(DATA Opens)

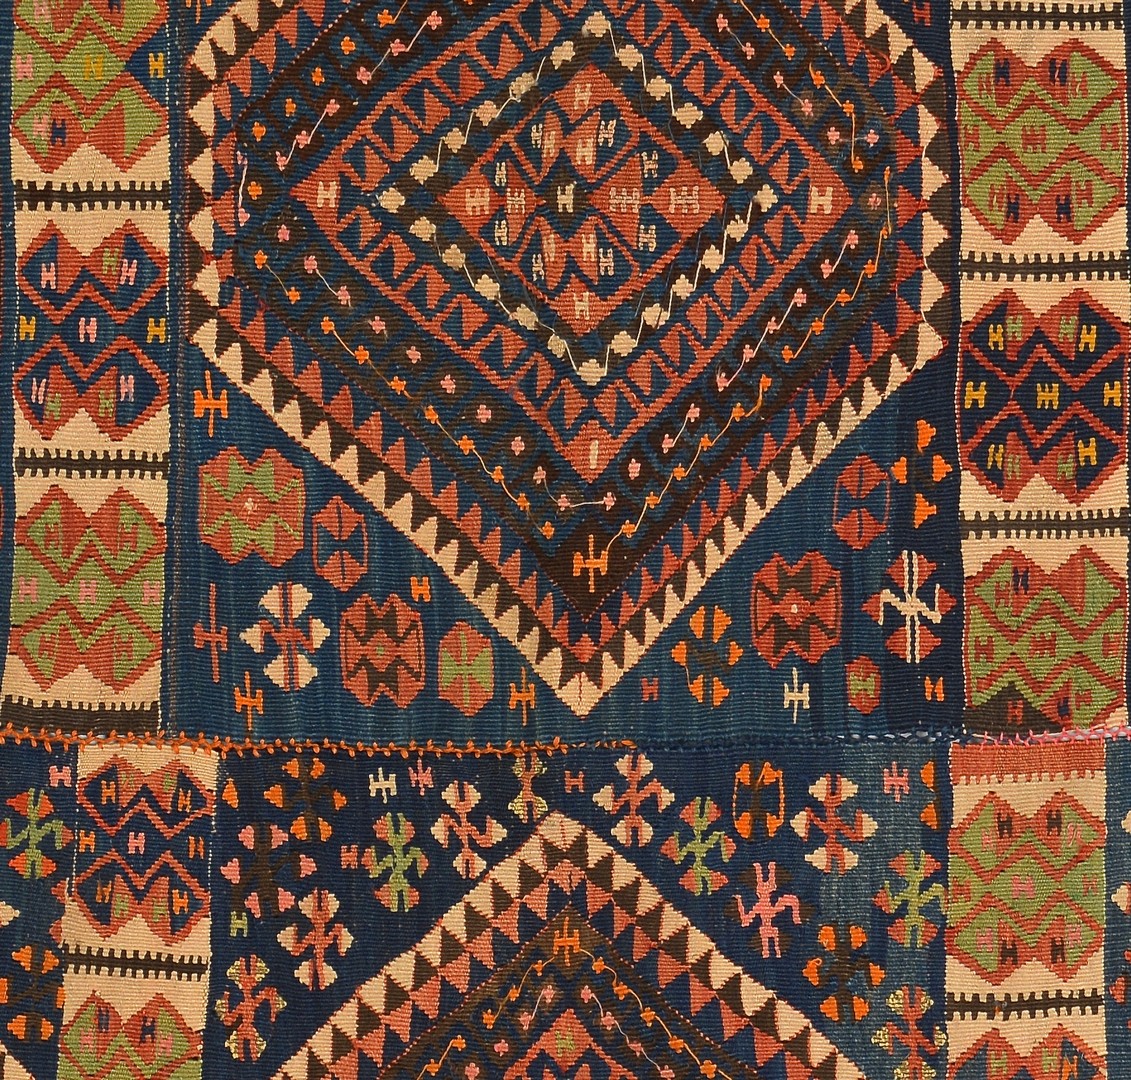 Lot 259: Antique Turkish Yoruk Kilim w/ metallic threads, c
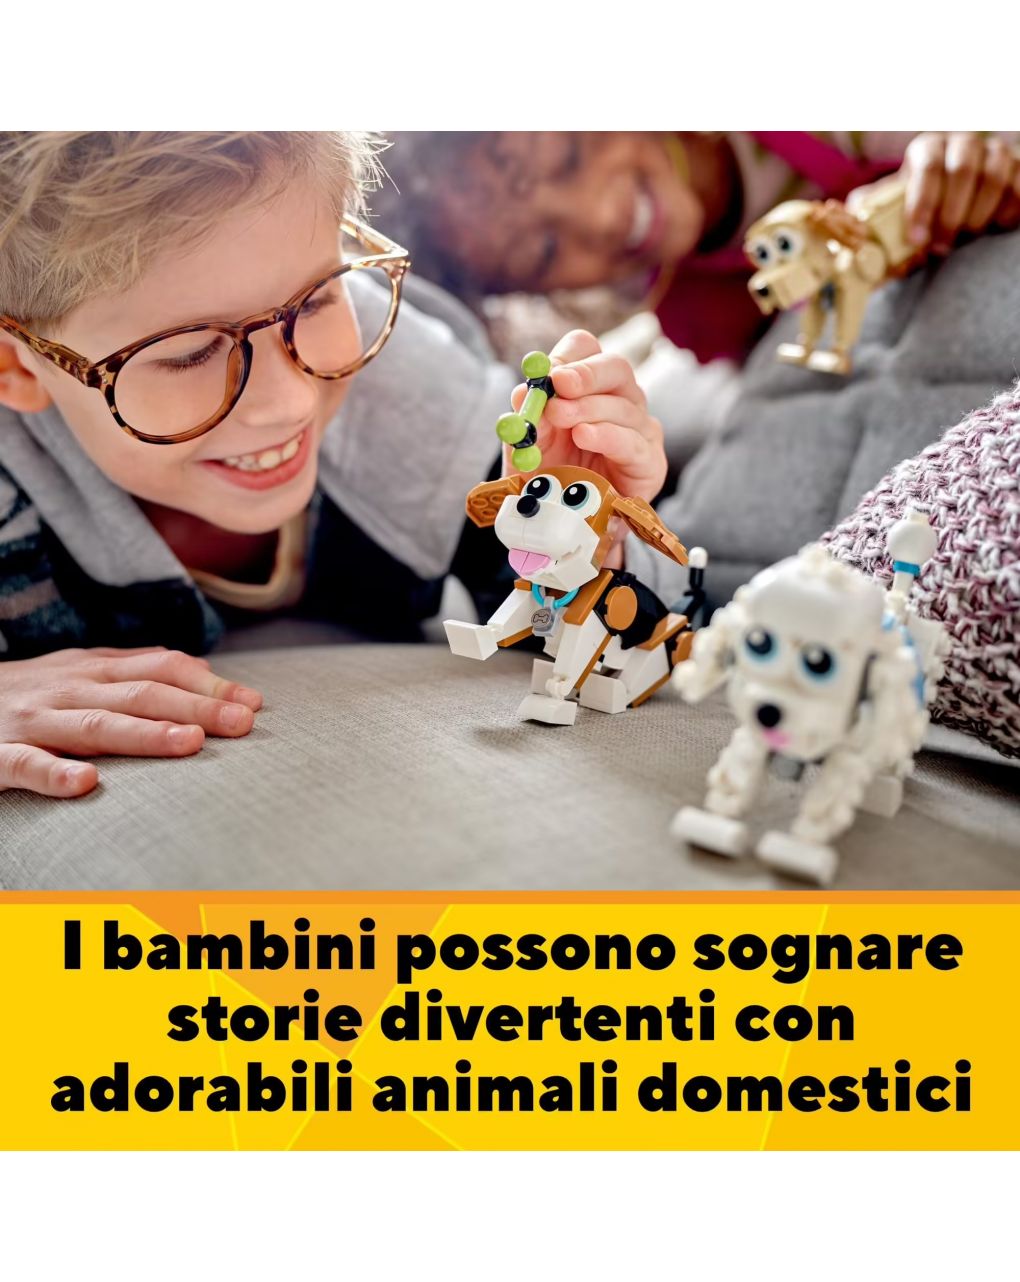 Adorabili cagnolini set 3 in 1 con bassotto carlino barboncino + altri animali da costruire - lego creator - LEGO
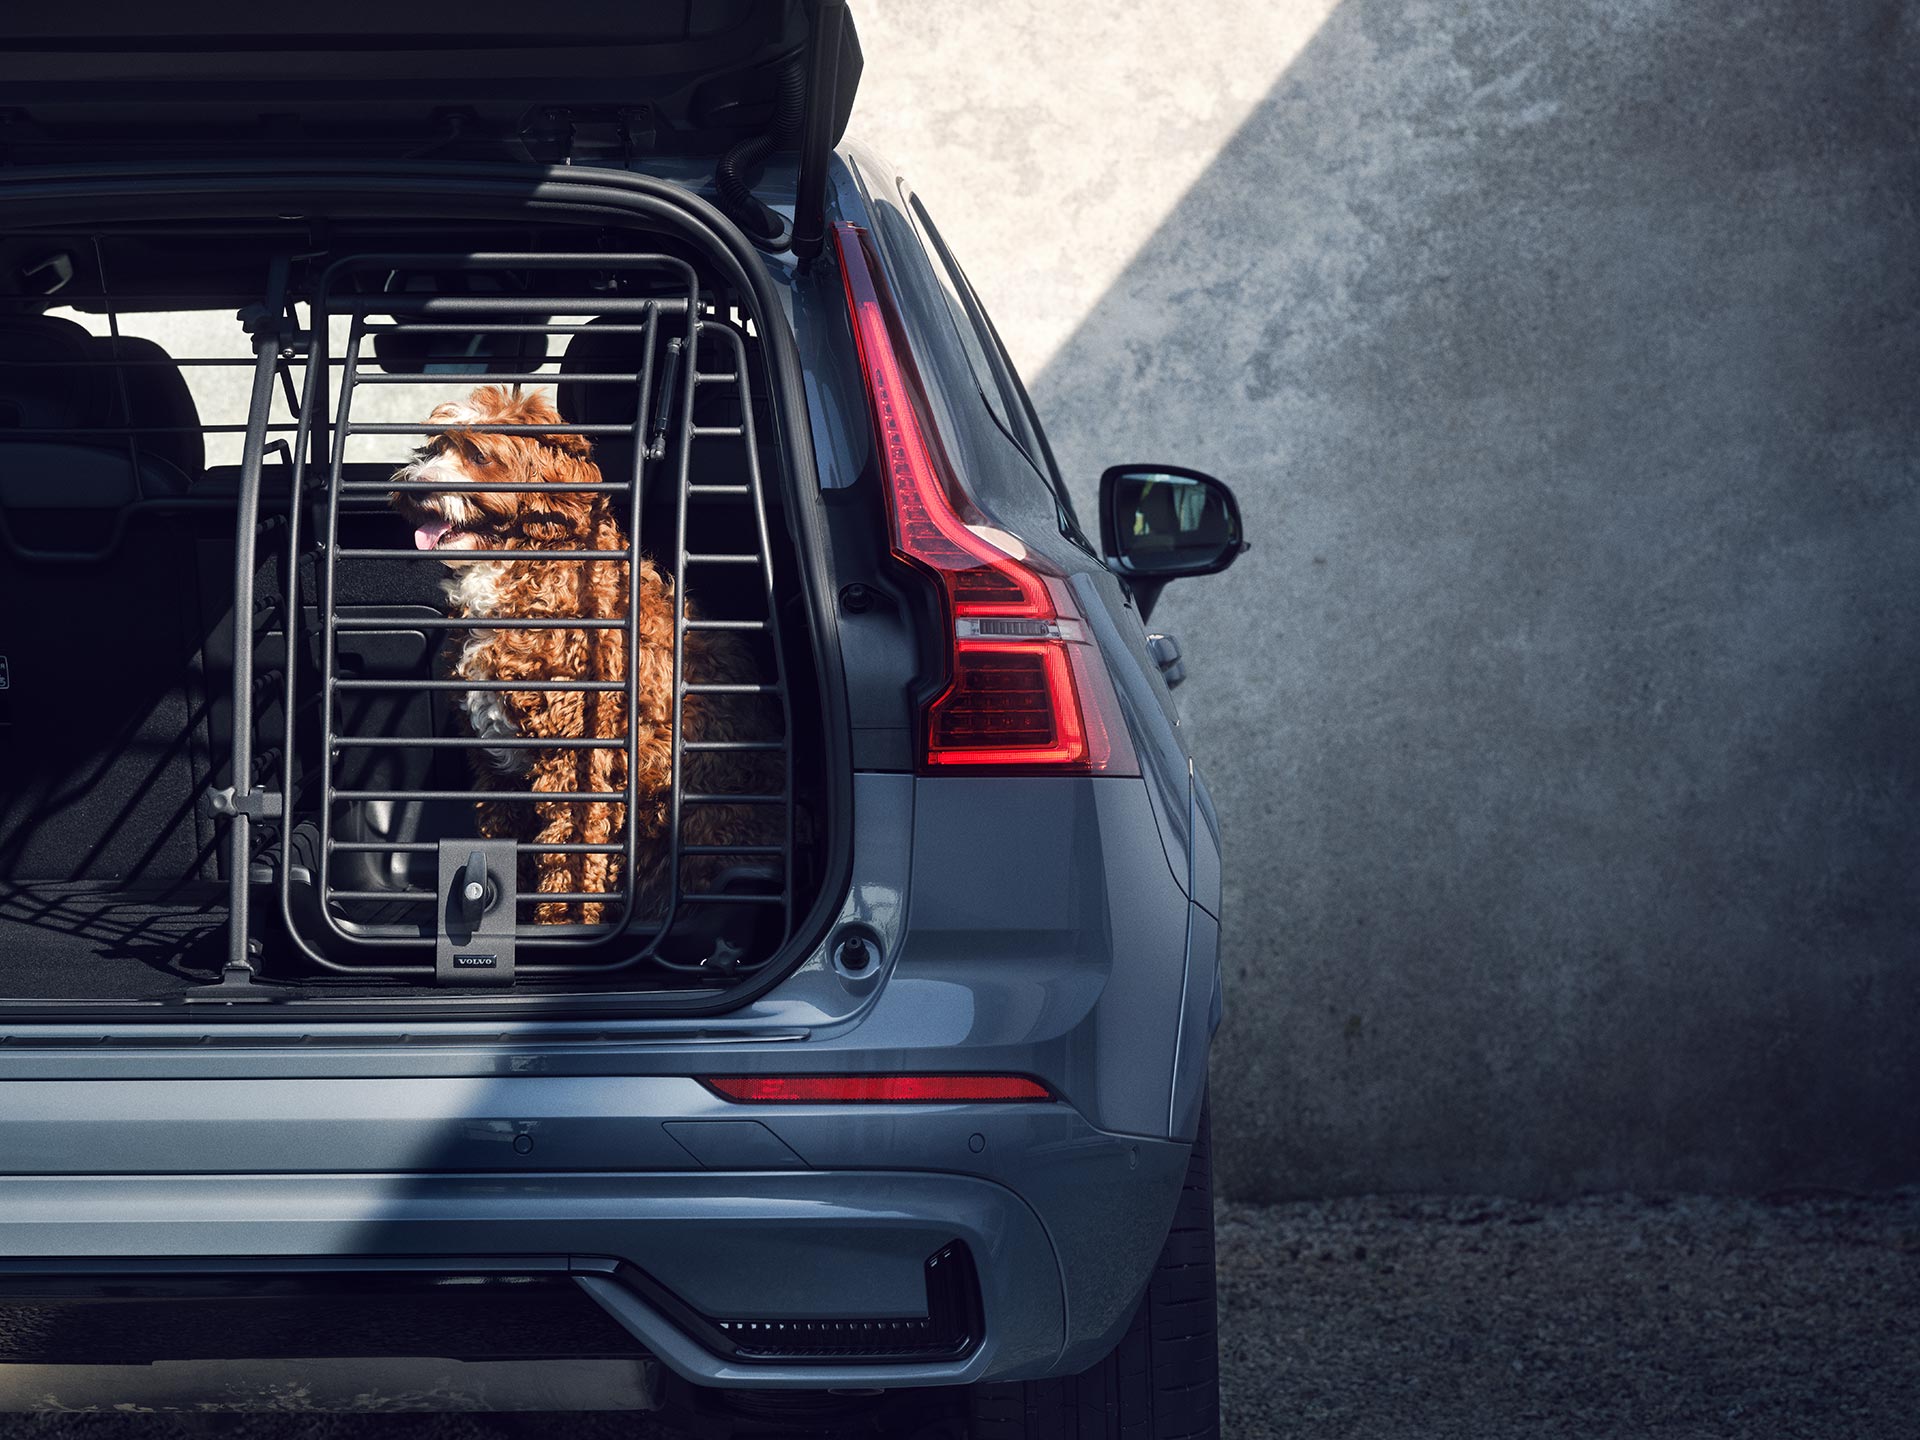 Um cão bege sentado numa caixa de transporte segura, um acessório concebido especificamente para a segurança e o conforto dos animais domésticos transportados nos automóveis Volvo.

(DATA Closes)

EXERCISE ▸ Begin at the line containing "Adorabili cagnolini set" and copy every line through the end of the data above exactly, omitting the pictures.

FINISHED TASK ▸
 Adorabili cagnolini set 3 in 1 con bassotto carlino barboncino + altri animali da costruire - lego creator - LEGO
 Um cão bege sentado numa caixa de transporte segura, um acessório concebido especificamente para a segurança e o conforto dos animais domésticos transportados nos automóveis Volvo.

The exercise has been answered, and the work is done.